Claims arising during the contractor’s ongoing operations may not be covered due to typical CGL exclusions, whereas there may be coverage for claims occurring after project completion where the contractor has completed operations coverage and the work was performed through a subcontractor.
Additional insured (AI) status is another factor to consider. Contractors are routinely required by contract to name owners as additional insureds under their commercial general liability policies. This provides coverage to the owner under the contractor’s policy for third-party claims which arise out of the contractor’s work. The extent to which the additional insured is protected under the policy, including whether the direct, or only vicarious, liability of the additional insured is covered, will be determined by the specific policy language or endorsement and not by the underlying agreement between the insured and additional insured. Failure of the contractor to obtain additional insured coverage for the owner, of a subcontractor to obtain additional insured coverage for the contractor, as required by its agreement may render the contractor or subcontractor, respectively, liable for all damages which could have been covered by the insurance had it been obtained.
Understanding the Florida Duty to Defend Laws
Where an insured owes an indemnity obligation to another party (such as the owner or general contractor) that is the subject of a claim, that party may have coverage as an additional insured. Typically, the owner and contractor are additional insureds under the respective CGL policies of the contractor and subcontractors. Where a blanket endorsement is issued, the additional insured does not need to be specifically identified. Instead, the endorsement automatically grants additional insured status to the person or organization that the named insured is required by contract to add as an insured. As such, each insurer has a duty to defend the owner or contractor where the claims against them “arise out of” the operations of the named insured, or are “caused by” the acts or omissions of the named insured or those acting on its behalf. Careful attention should be paid to the specific endorsement, including the edition date of the endorsement, providing additional insured status. The scope of coverage is defined by the endorsement. Use of limiting words such as “arising out of” or “caused by” will determine the coverage available to the additional insured, including whether there is coverage for the sole negligence, or rather only the vicarious liability, of the additional insured, and whether policy limits may be compromised by the acts of the additional insured.

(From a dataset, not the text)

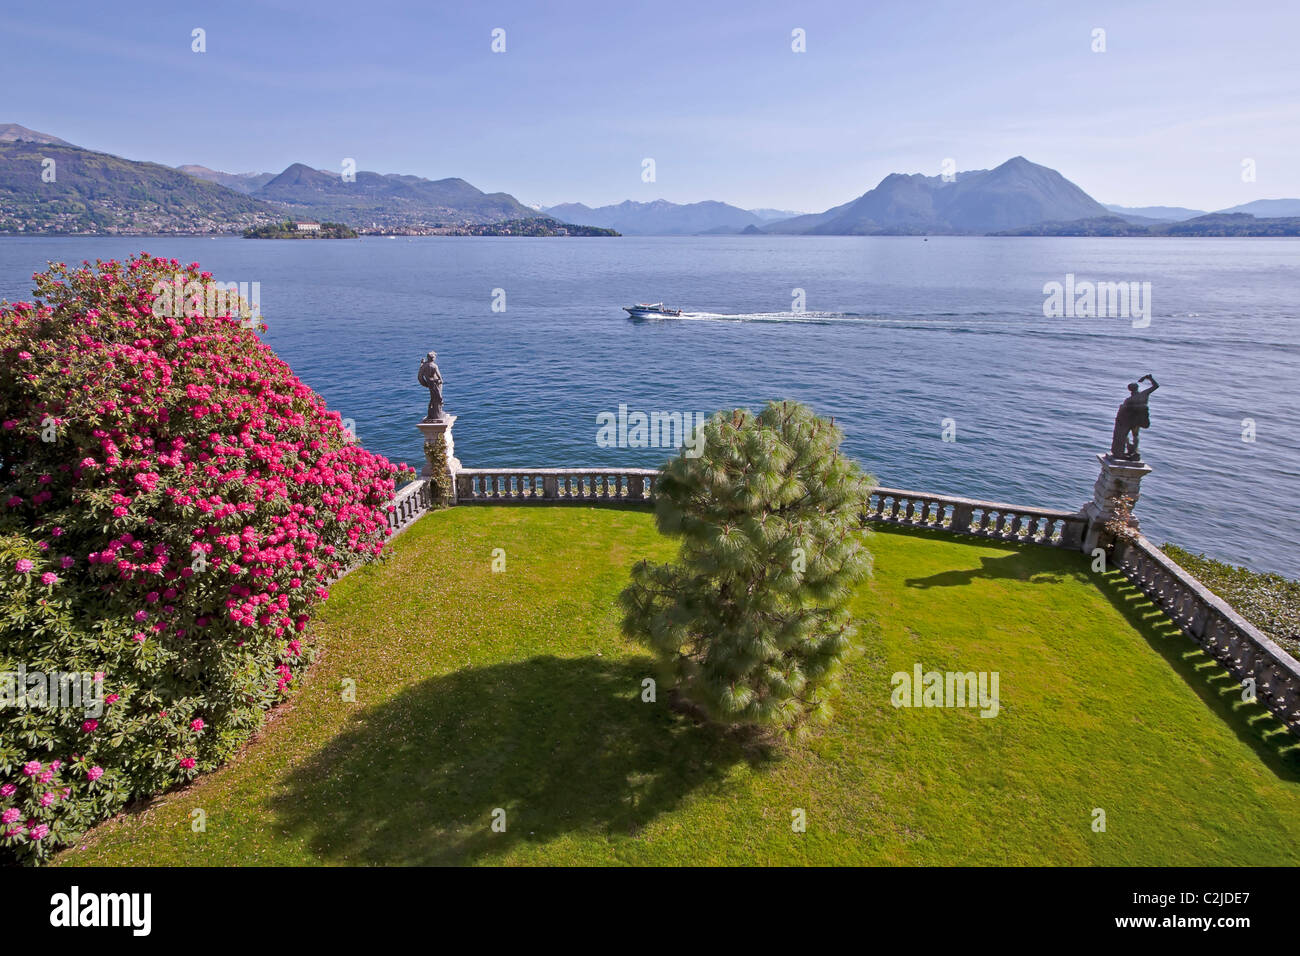 Isola Bella - Italien - Lago Maggiore Stockfoto

It is important to keep in mind that there is no relationship between the insurer’s indemnity exposure and its AI obligation, and there is joint and several liability amongst those insurers owing a duty to defend. In such instance, the insured may make demand (a “targeted” or “selected” tender) upon a specific carrier to defend it. With some claims (such as water intrusion), multiple trades may or are alleged to be responsible for the damage. Thus, each of these trades may be called upon to defend and indemnify the contractor, resulting in multiple carriers on the risk which increases the potential settlement contributions at mediation from these carriers, not only for the costs of repairs but also for defenses costs under either a contractual indemnity (CI) or an additional insured (AI) theory.